◆ What to work on
Under this line are the records; repeat exactly the lines starting at the one containing "Madre in hijab" and ending at the one containing "Stampante Multifunzione Epson", omitting pictures.

◆ Given entries
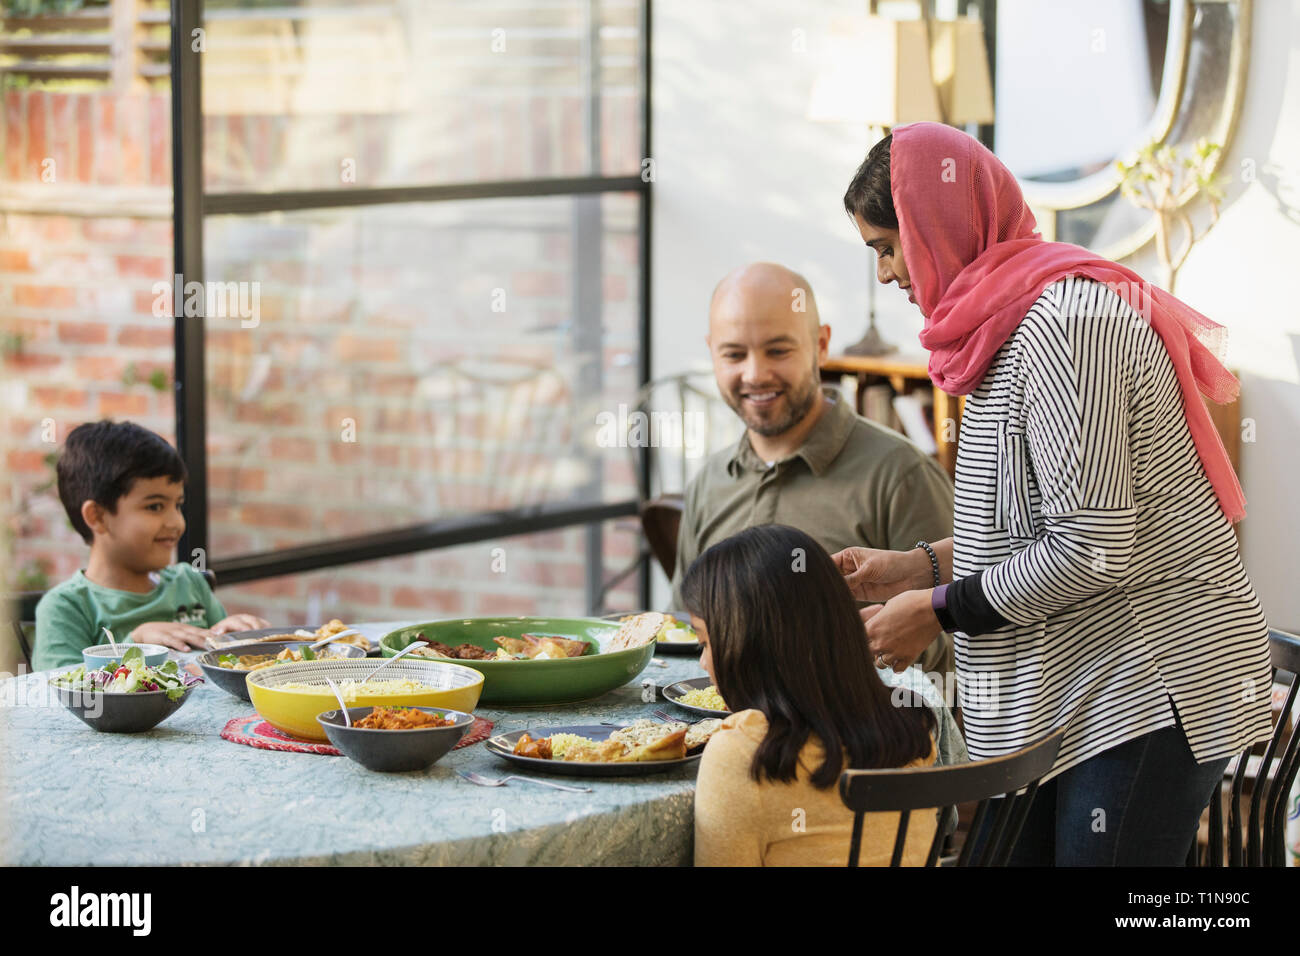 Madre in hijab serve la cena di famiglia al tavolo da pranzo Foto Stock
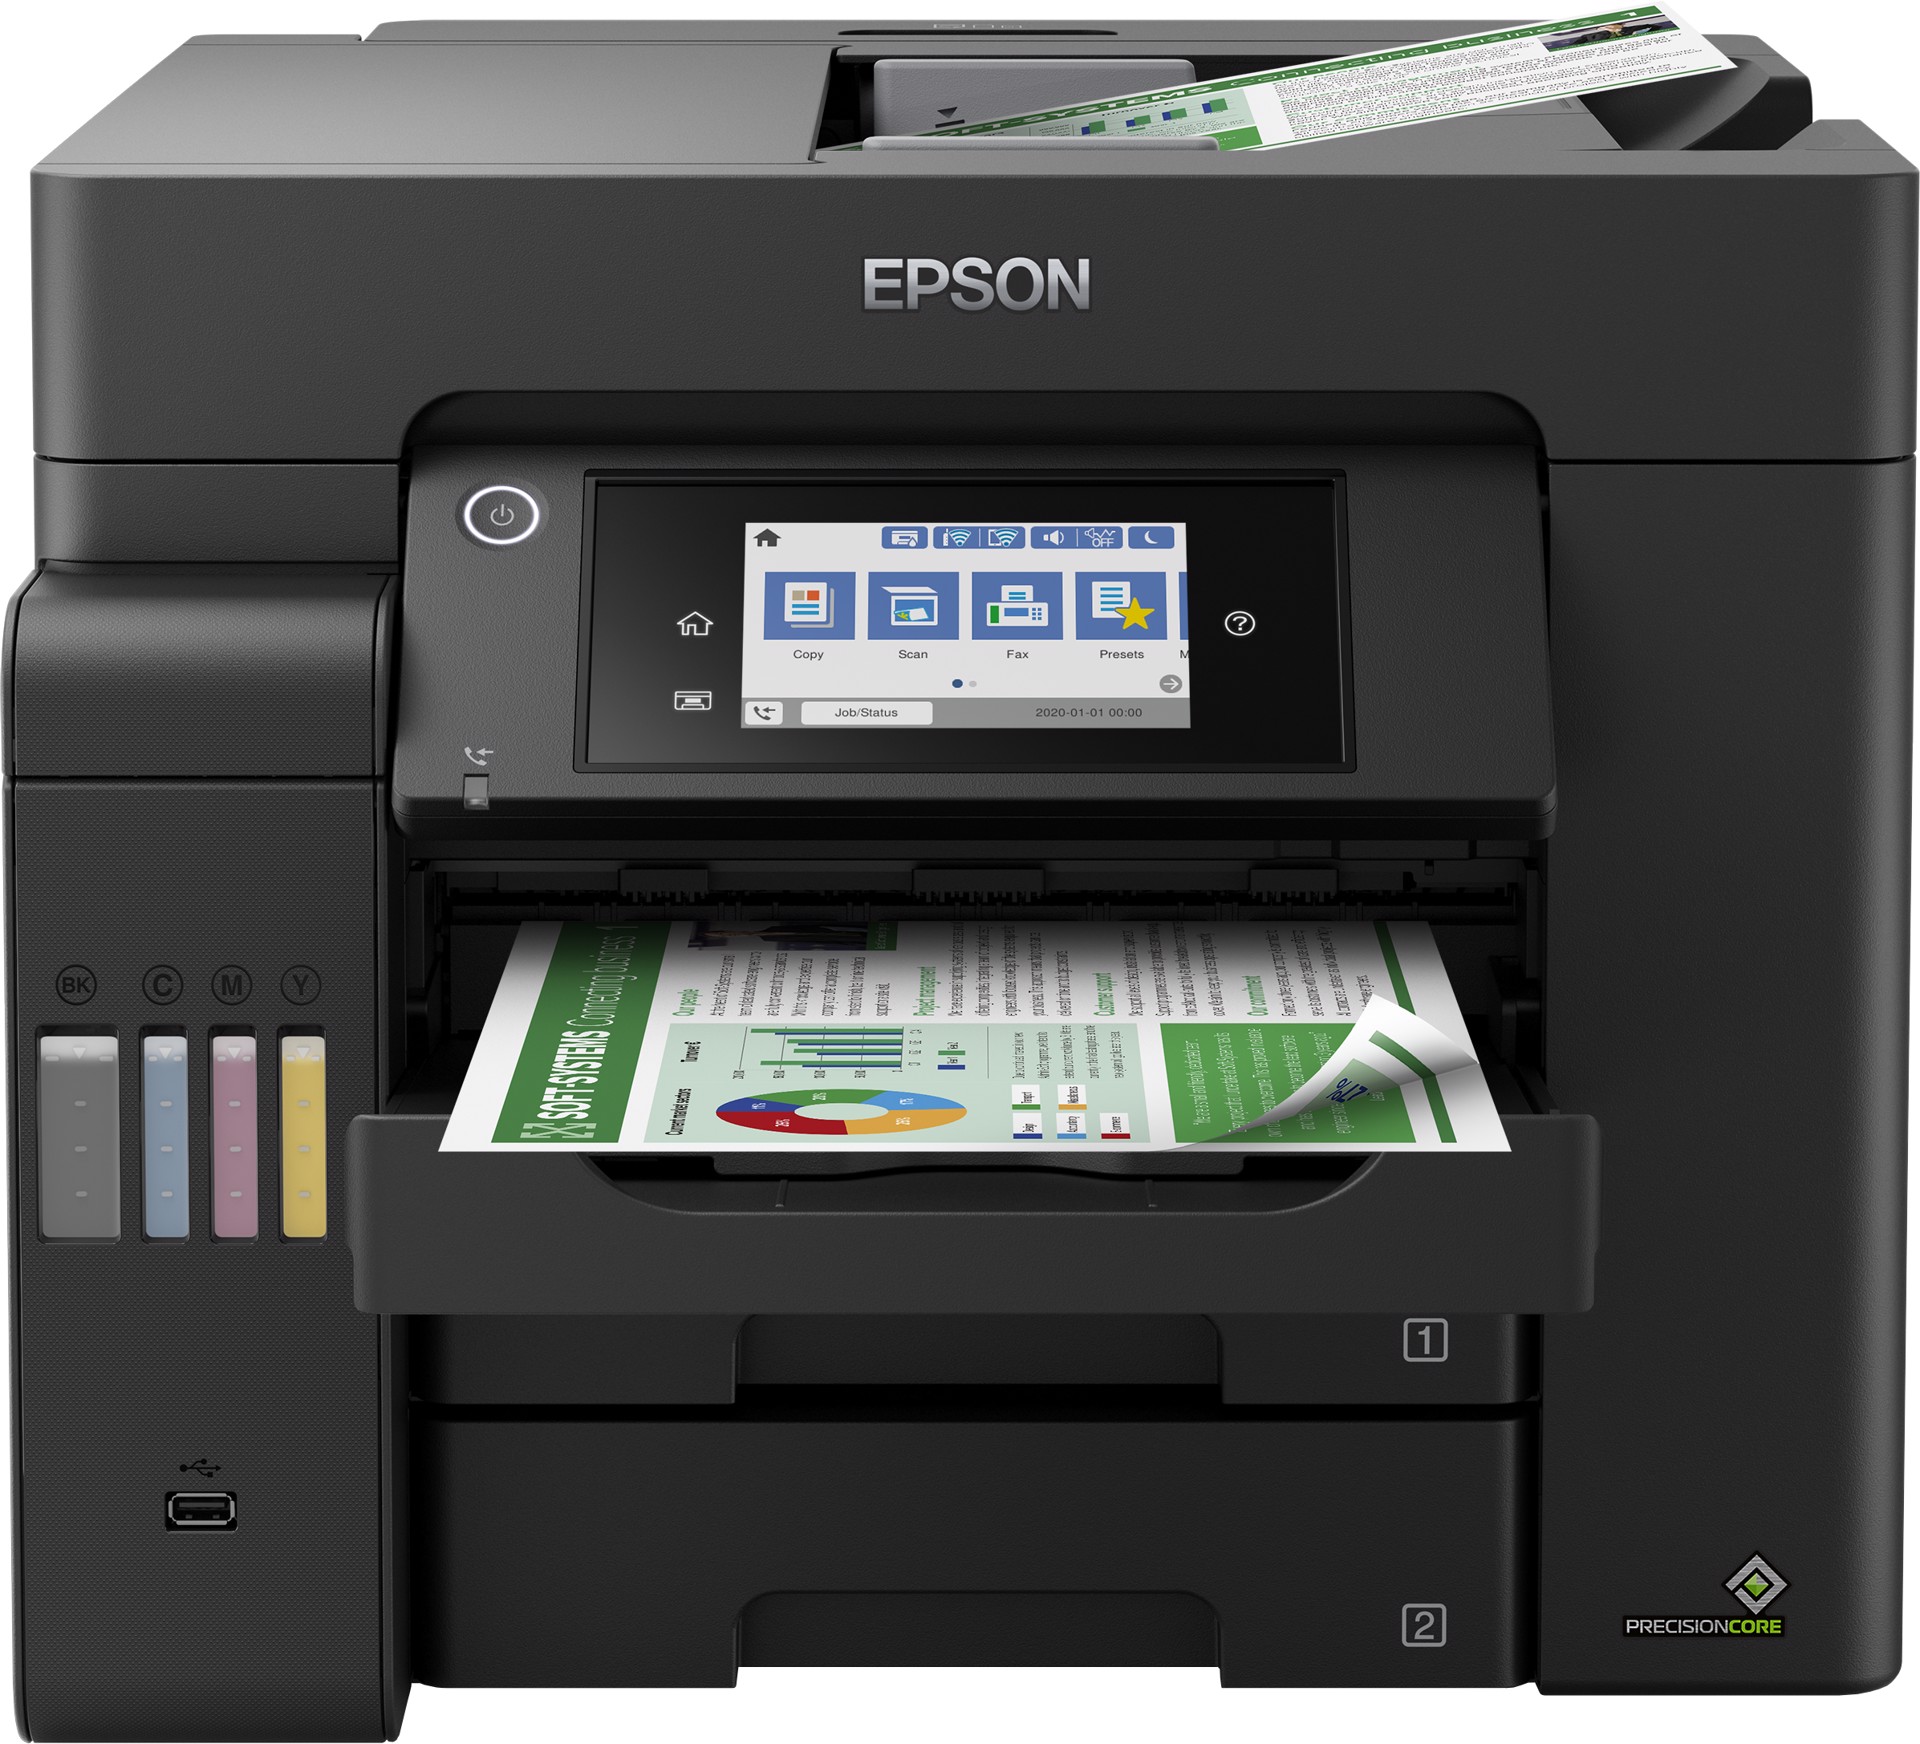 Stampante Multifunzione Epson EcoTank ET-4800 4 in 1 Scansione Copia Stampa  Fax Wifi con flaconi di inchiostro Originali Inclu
---
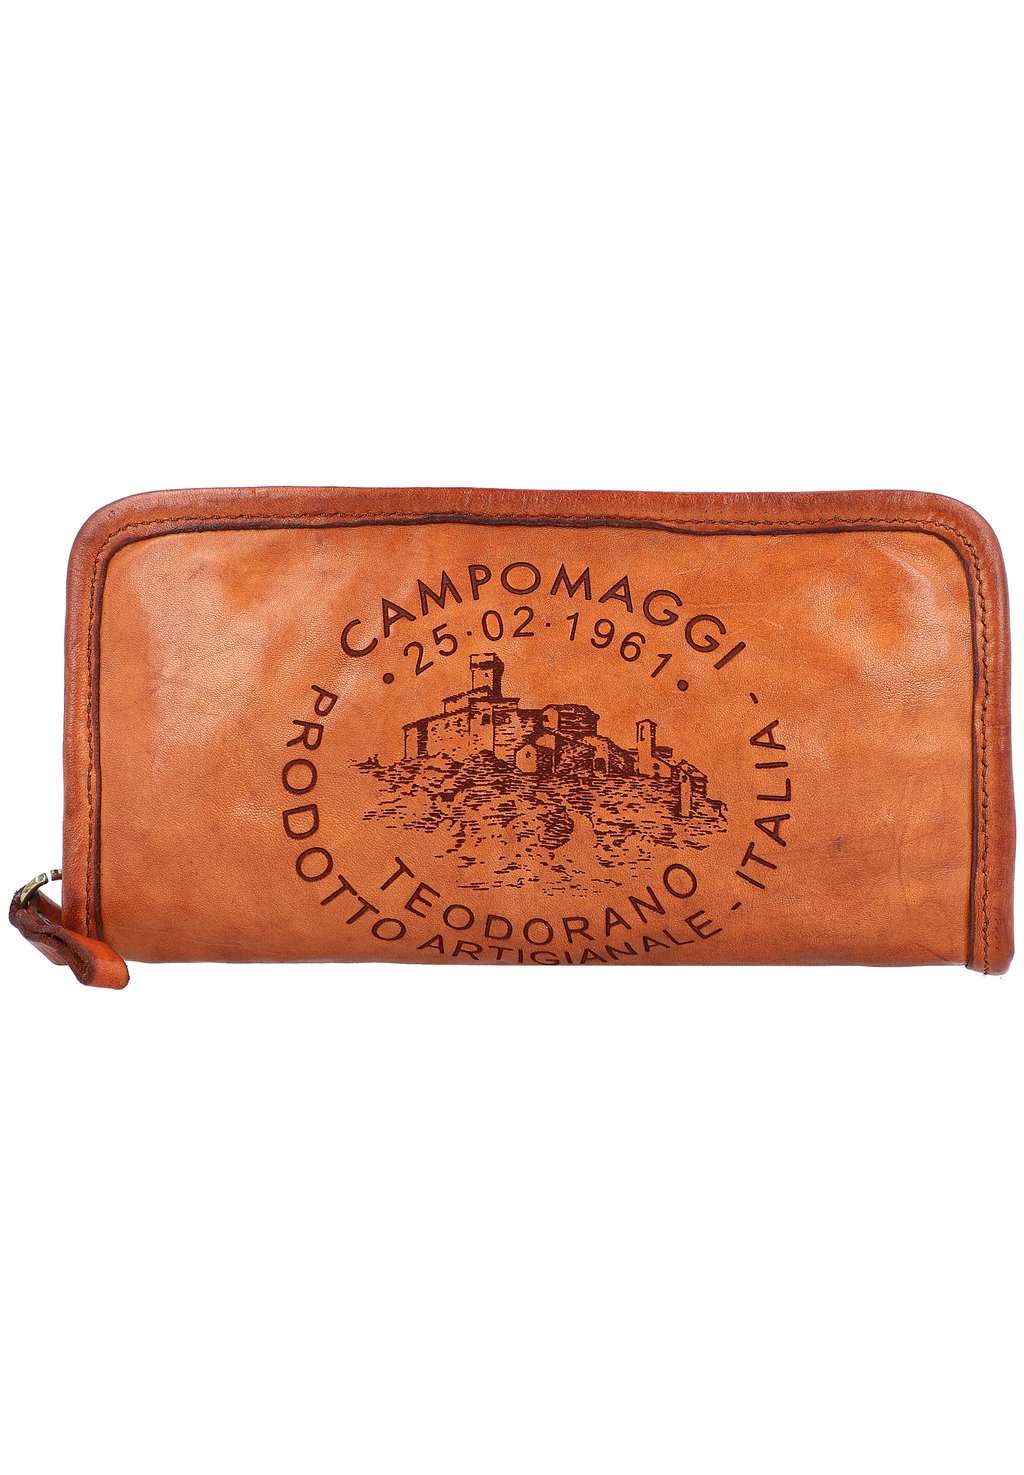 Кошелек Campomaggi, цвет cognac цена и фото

◆ Exercise response
 Madre in hijab serve la cena di famiglia al tavolo da pranzo Foto Stock
 Stampante Multifunzione Epson EcoTank ET-4800 4 in 1 Scansione Copia Stampa  Fax Wifi con flaconi di inchiostro Originali Inclu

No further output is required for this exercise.